There are many examples. Here are two of them and a simple method to produce many more:

  • $f(x) = \sqrt{|x|}$
  • $g(x) = |x|\sin{\frac{1}{|x|}}$, where $f(0) = 0$ is understood
  • If $f:[0,\frac{1}{2}] \to \mathbb{R}$ is a continuous function, define $\phi_f:[0,1] \to \mathbb{R}$ $$\phi_f(x) = \begin{cases} f(x), & \text{ if } 0 \leq x \leq \frac{1}{2}, \\ f(1-x), & \text{ if } \frac{1}{2} \leq x \leq 1.\end{cases}$$ Note that the graph of $\phi_f$ is simply the reflection of the graph of $f$ at the vertical line $x = \frac{1}{2}$. Then $\phi_f$ is continuous, satisfies $\phi_f(0)= \phi_f(1)$ and can thus be extended to a continuous periodic function by setting $\varphi_{f}(x) = \phi_f(x-\lfloor x \rfloor)$ for $x \in \mathbb{R}$. The function $\varphi_f$
    • is uniformly continuous
    • coincides with $f$ on $[0,\frac{1}{2}]$
    • is not Lipschitz continuous if $f$ fails to be Lipschitz continuous.

Four key observations to prove the above claims and an aside:

  1. A continuous function on a compact interval is uniformly continuous, see the Wikipedia page on the Heine-Cantor theorem.

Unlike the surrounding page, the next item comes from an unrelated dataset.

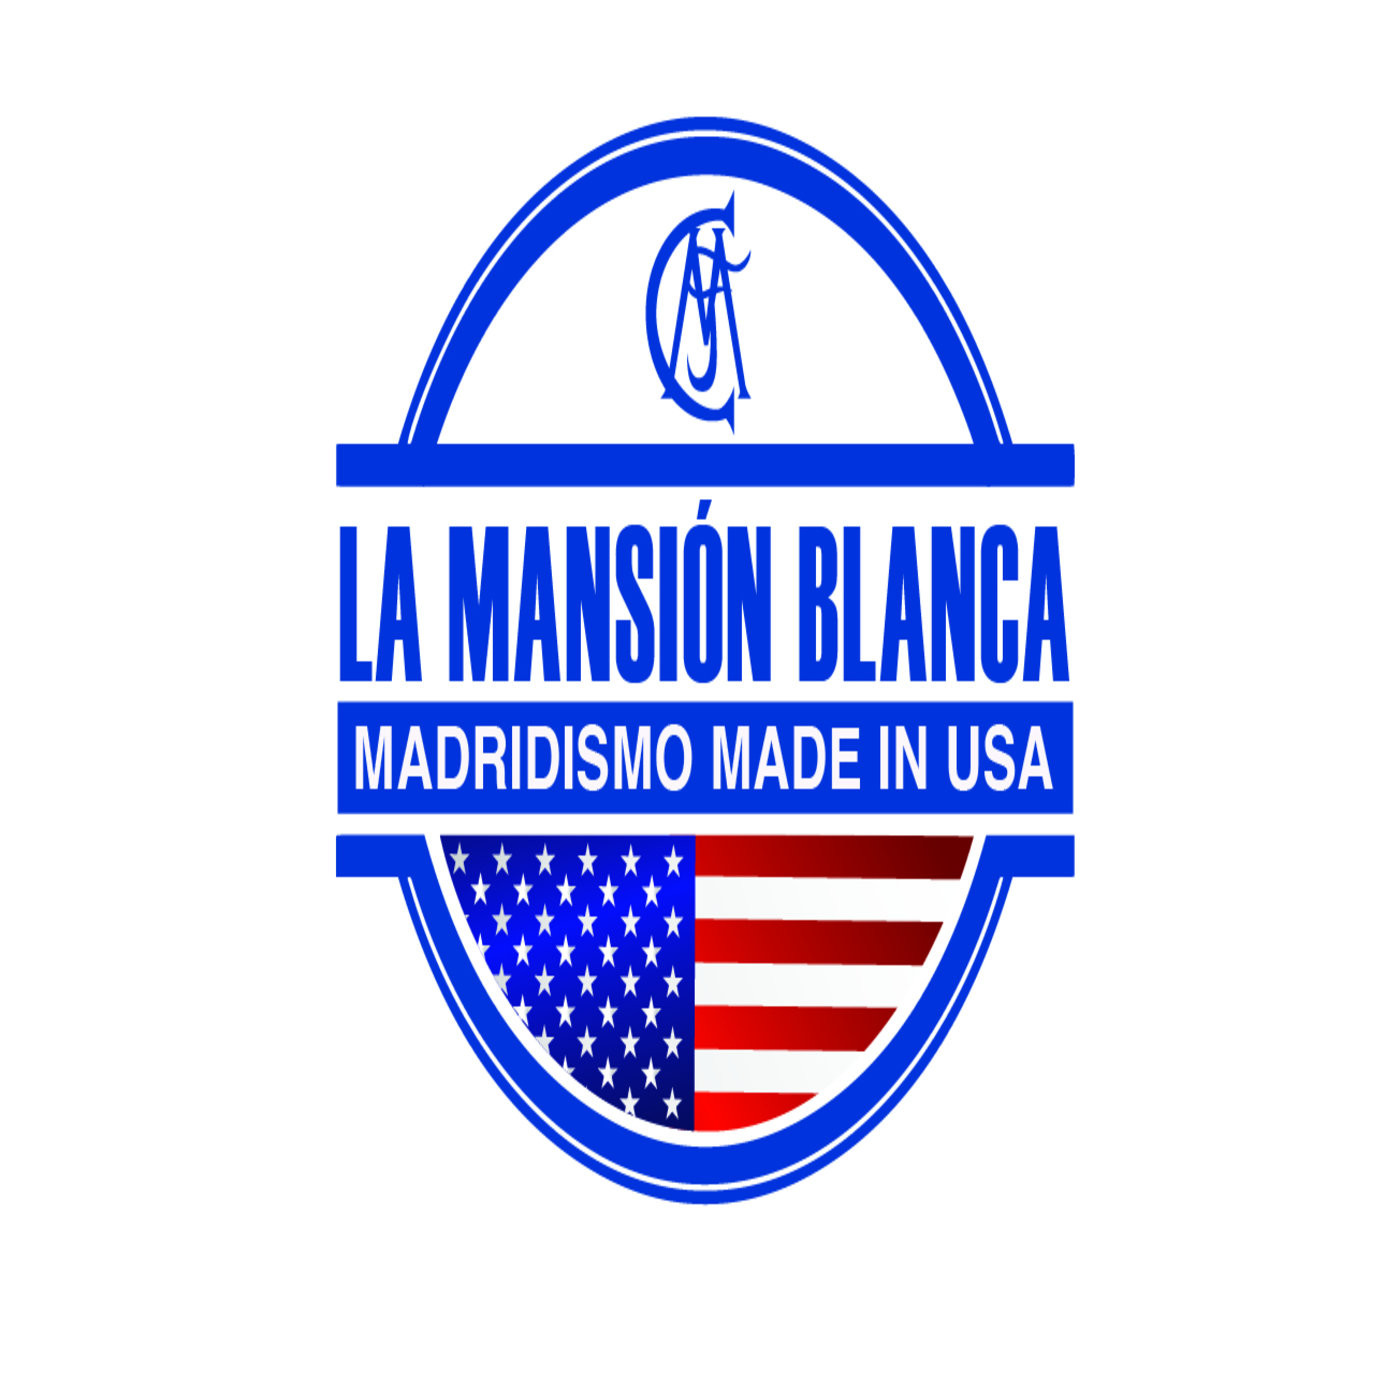 La Mansión Blanca - Madridismo Made in USA
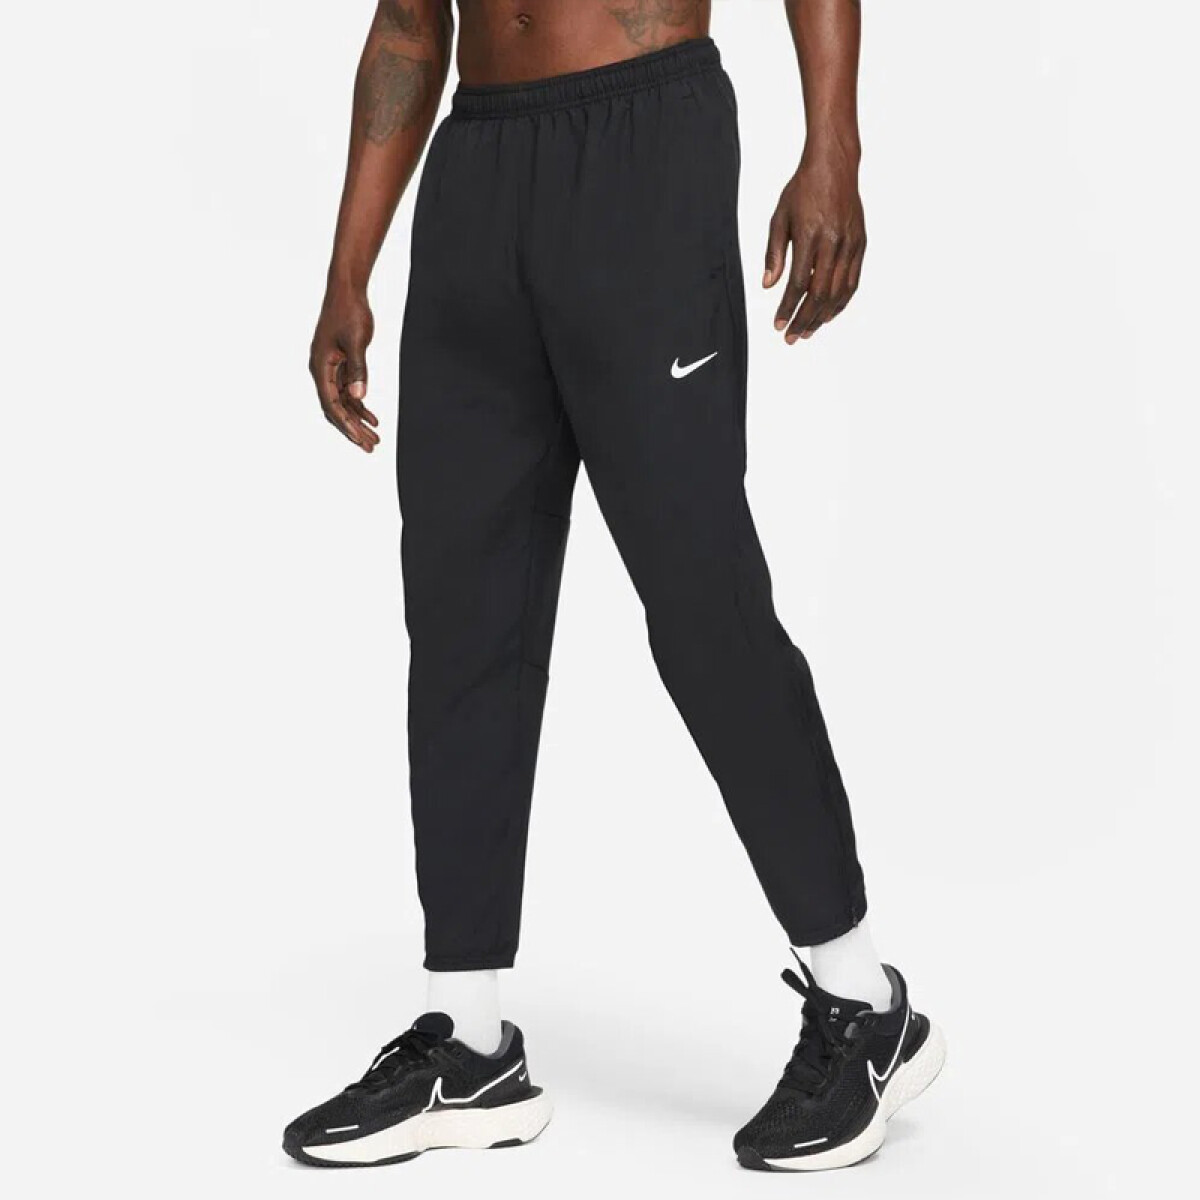 Pantalon Nike Dri-fit Challenger

  2. If $f:(a,b) \to \mathbb{R}$ has the property that $f$ is continuous at $c \in (a,b)$ and if $f$ is uniformly continuous on both intervals $(a,c)$ and $(c,b)$, respectively, then $f$ is uniformly continuous on all of $(a,b)$.

  3. If $f:(a,b) \to \mathbb{R}$ is differentiable and $f'$ is bounded then $f$ is Lipschitz continuous. This follows from the mean value theorem: if $|f'(\xi)| \leq L$ for all $\xi \in (a,b)$ then $|f(x)-f(y)| \leq |f'(\xi)|\,|x-y| \leq L|x-y|$ for all $x,y \in (a,b)$.

  4. If $f$ is Lipschitz continuous and differentiable at $x$ then $f'(x)$ is bounded by the Lipschitz constant: $$|f'(x)| = \lim_{h \to 0} \frac{|f(x+h)-f(x)|}{|h|} \leq \frac{L|x+h-x|}{|h|} = L.$$
  5. Finally, a Lipschitz continuous function is differentiable almost everywhere — that's not easy: it's a consequence of Lebesgue's differentiation theorem and has a beautiful generalization as Rademacher's theorem.

Edit: Why are $f(x) = \sqrt{|x|}$ and $g(x)=|x|\sin{\frac{1}{|x|}}$ uniformly continuous on all of $\mathbb{R}$?

Let $C \gt 0$. By 1. above both $f$ and $g$ are uniformly continuous on $[-C,C]$ since $[-C,C]$ is compact. On $[C,\infty)$ and $(-\infty,-C]$ both $f$ and $g$ have a bounded derivative, hence they are uniformly continuous there by 3. above. Now apply 2. to the intervals $(-C,C)$ and $(C,\infty)$ to see that $f$ and $g$ are uniformly continuous on $(-C,\infty)$ and apply it again to $(-\infty,-C)$ and $(-C,\infty)$ to see that they are uniformly continuous on all of $\mathbb{R}$.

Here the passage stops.